Что-то сокрыто. Найди же. Смело за Грань загляни.
То, что пропало за Гранью, ждет тебя. Встань и иди![38]
Фосетт с Чиверсом перевалили через Анды и начали спускаться в джунгли. Фосетт, в габардиновых бриджах, кожаных башмаках, ковбойской шляпе и шелковом шарфе на шее, — в своем обычном наряде путешественника, — пробирался по краю утесов, под которыми были пропасти глубиной в сотни футов. Они шли сквозь снежные бураны, видимость была всего несколько футов, но они слышали, как из-под копыт их вьючных животных выскакивают камни и сыплются в ущелья. Ветер свистел вокруг горных пиков высотой двадцать тысяч футов, и трудно было поверить, что они направляются в джунгли. От высоты у них кружилась голова, их тошнило. Животные, спотыкаясь и задыхаясь, брели вперед, из носа у них текла кровь из-за нехватки кислорода. Много лет спустя, пробираясь по таким же горам, Фосетт потерял половину из своих двадцати четырех мулов. «Вьюк… задевал за скалу, сбивал мула, и он с ревом летел в пропасть», — писал он.
Один раз Фосетт и Чиверс случайно набрели на пешеходный мостик — канаты и дощечки, сделанные из пальмы сабаль; он пересекал пропасть шириной в сотню ярдов и бился на ветру, точно порванный флаг. Мулы боялись по нему идти, и им пришлось завязать глаза. Уговорив их перебраться на ту сторону, путники двинулись вниз по склону, среди скал и утесов, замечая первые признаки растительности — магнолии и чахлые деревца. На уровне трех тысяч футов, где уже ощущалось тепло, они видели корни и вьющиеся растения, карабкавшиеся по горному склону. А потом Фосетт, мокрый от пота, с изумлением увидел перед собой долину — с деревьями в форме пауков, парашютов, облаков дыма; с потоками, извивавшимися, должно быть, на протяжении тысяч миль; с пологом джунглей, настолько темным, что он казался черным; и это была она, Амазония.

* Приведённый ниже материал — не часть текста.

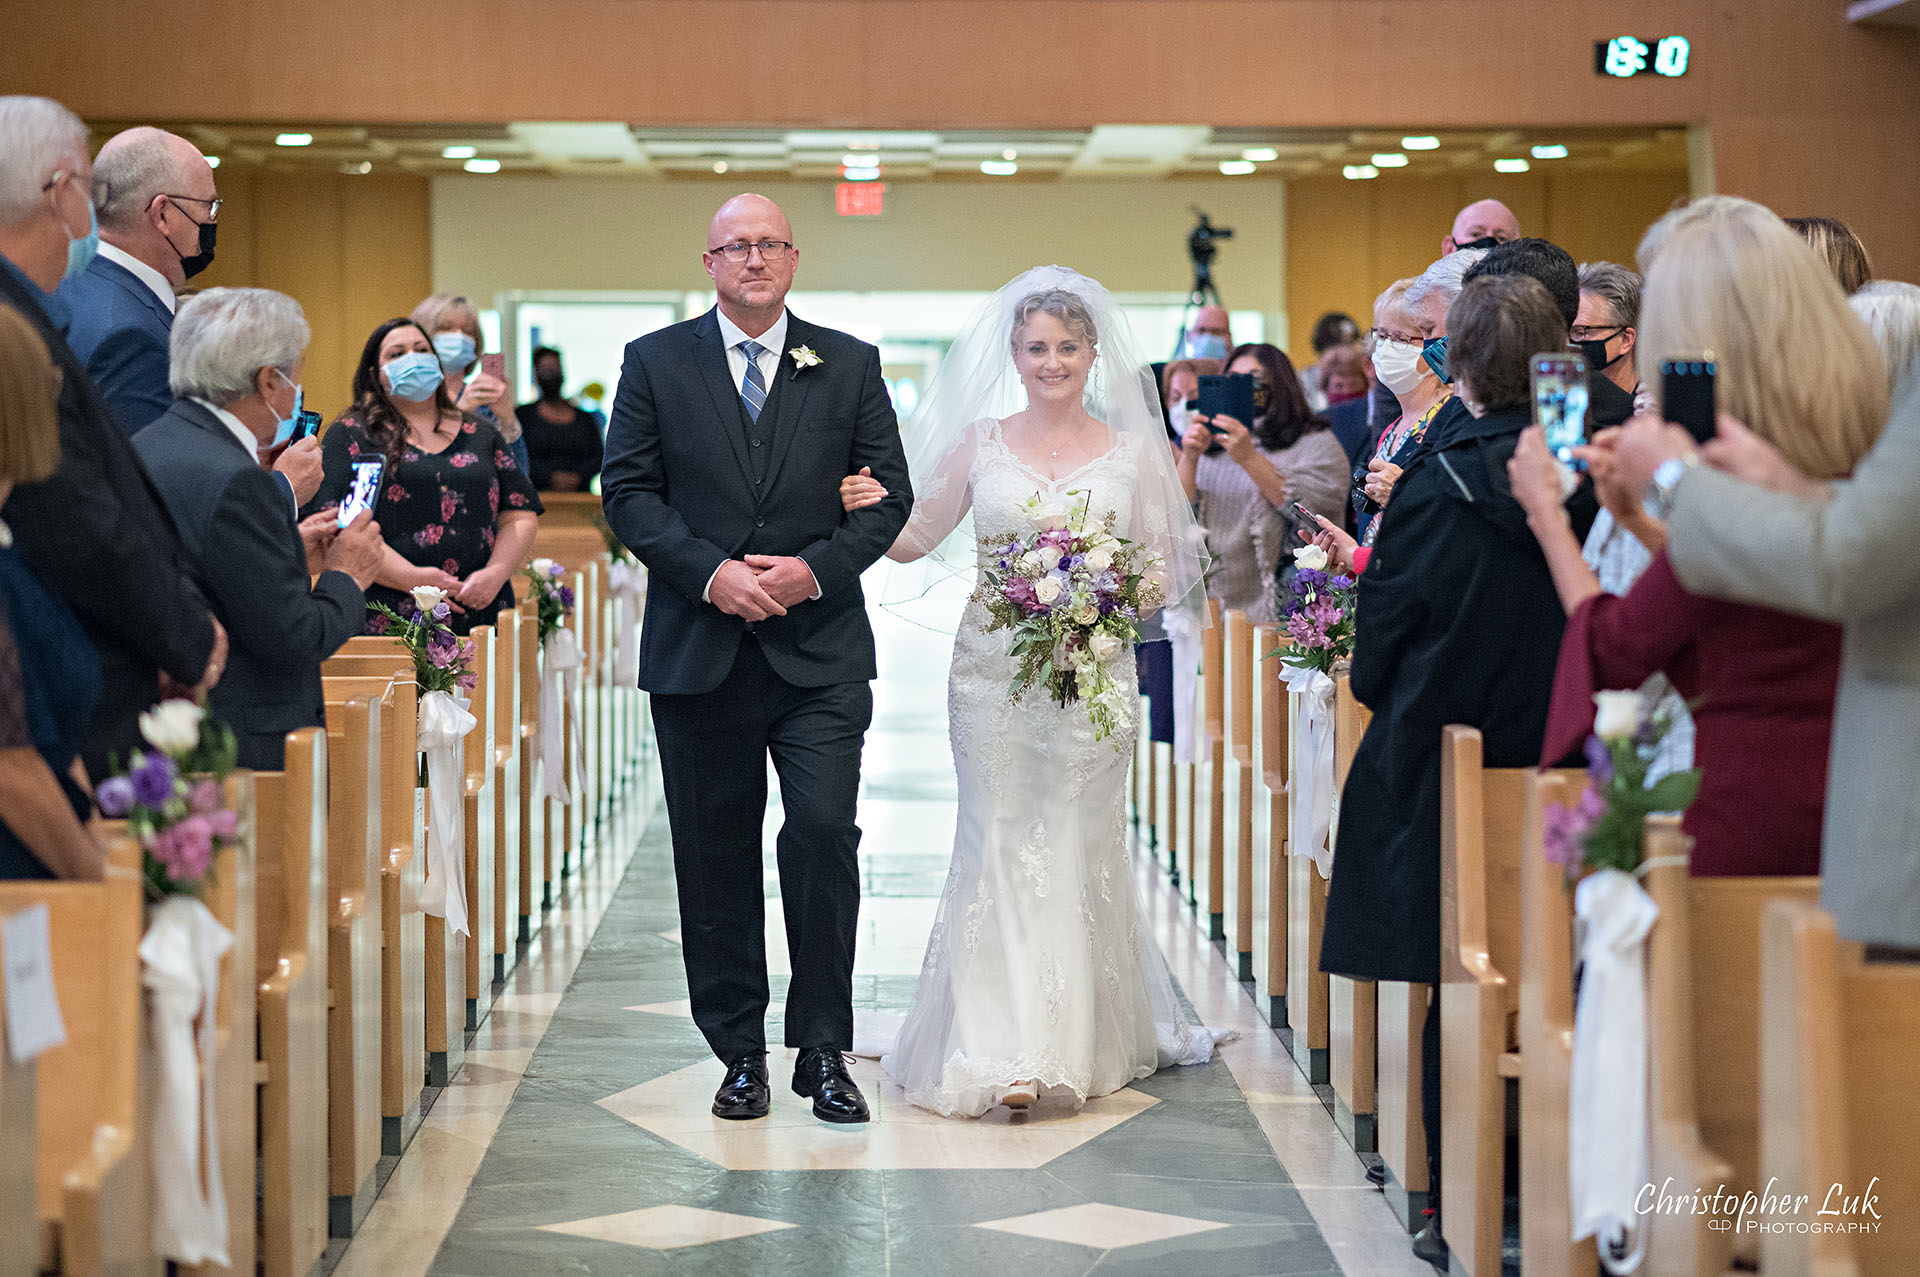 Christopher Luk Toronto Wedding Photographer Natural Candid Photojournalistic Tyndale Chapel Entrance Bride Walking Down Aisle Church Ceremony Smile

Фосетт и Чиверс в конце концов бросили своих вьючных животных, сделав из бревен и веревок плот и отправившись на нем в плавание к амазонскому фронтиру — кучке крошечных городков вроде Доджа,[39] с издевательскими названиями («Надежда», «Прекрасная деревня»): эти городки за последнее время втиснули в джунгли те поселенцы, что прорубали лес, подпав под очарование oro negro — «черного золота». Христофор Колумб первым сообщил[40] о том, что видел, как индейцы бросают отскакивающий от земли шарик, сделанный из странного клейкого вещества, сочащегося из тропических деревьев, но лишь в 1896 году, когда Б.Ф. Гудрич изготовил первые в Соединенных Штатах автомобильные шины, каучуковая лихорадка охватила Амазонию — территорию, практически обладавшую монополией на добычу высококачественного латекса. В 1912 году одна только Бразилия экспортировала каучука более чем на тридцать миллионов долларов (сегодняшний эквивалент — почти полмиллиарда).[41] Каучуковые бароны превратили Манаус, расположенный на Амазонке, в один из самых безвкусно-шикарных городов мира. «В своем стремлении к роскоши они доходили до абсурда, — отмечает в своей „Амазонке“ историк Робин Фурне. — Если один каучуковый барон приобретал гигантскую яхту, другой заводил у себя на вилле ручного льва, а третий купал свою лошадь в шампанском». Роскошнее всего было здание оперы, с итальянским мрамором, богемским стеклом, золочеными ложами, хрустальными люстрами, викторианскими стенными росписями и куполом, окрашенным в цвета национального флага. Предварительно сконструированный в Европе и обошедшийся налогоплательщикам в десять миллионов долларов, оперный дворец был по частям отправлен вверх по Амазонке, преодолев более тысячи миль, после чего рабочие, трудившиеся круглосуточно, собирали его, пользуясь по ночам первыми в Бразилии электрическими лампочками. И не важно, что почти никто в Манаусе никогда не слышал Пиччини и что больше половины гастролирующей здесь оперной труппы умерло от желтой лихорадки. Это был апофеоз каучукового бума.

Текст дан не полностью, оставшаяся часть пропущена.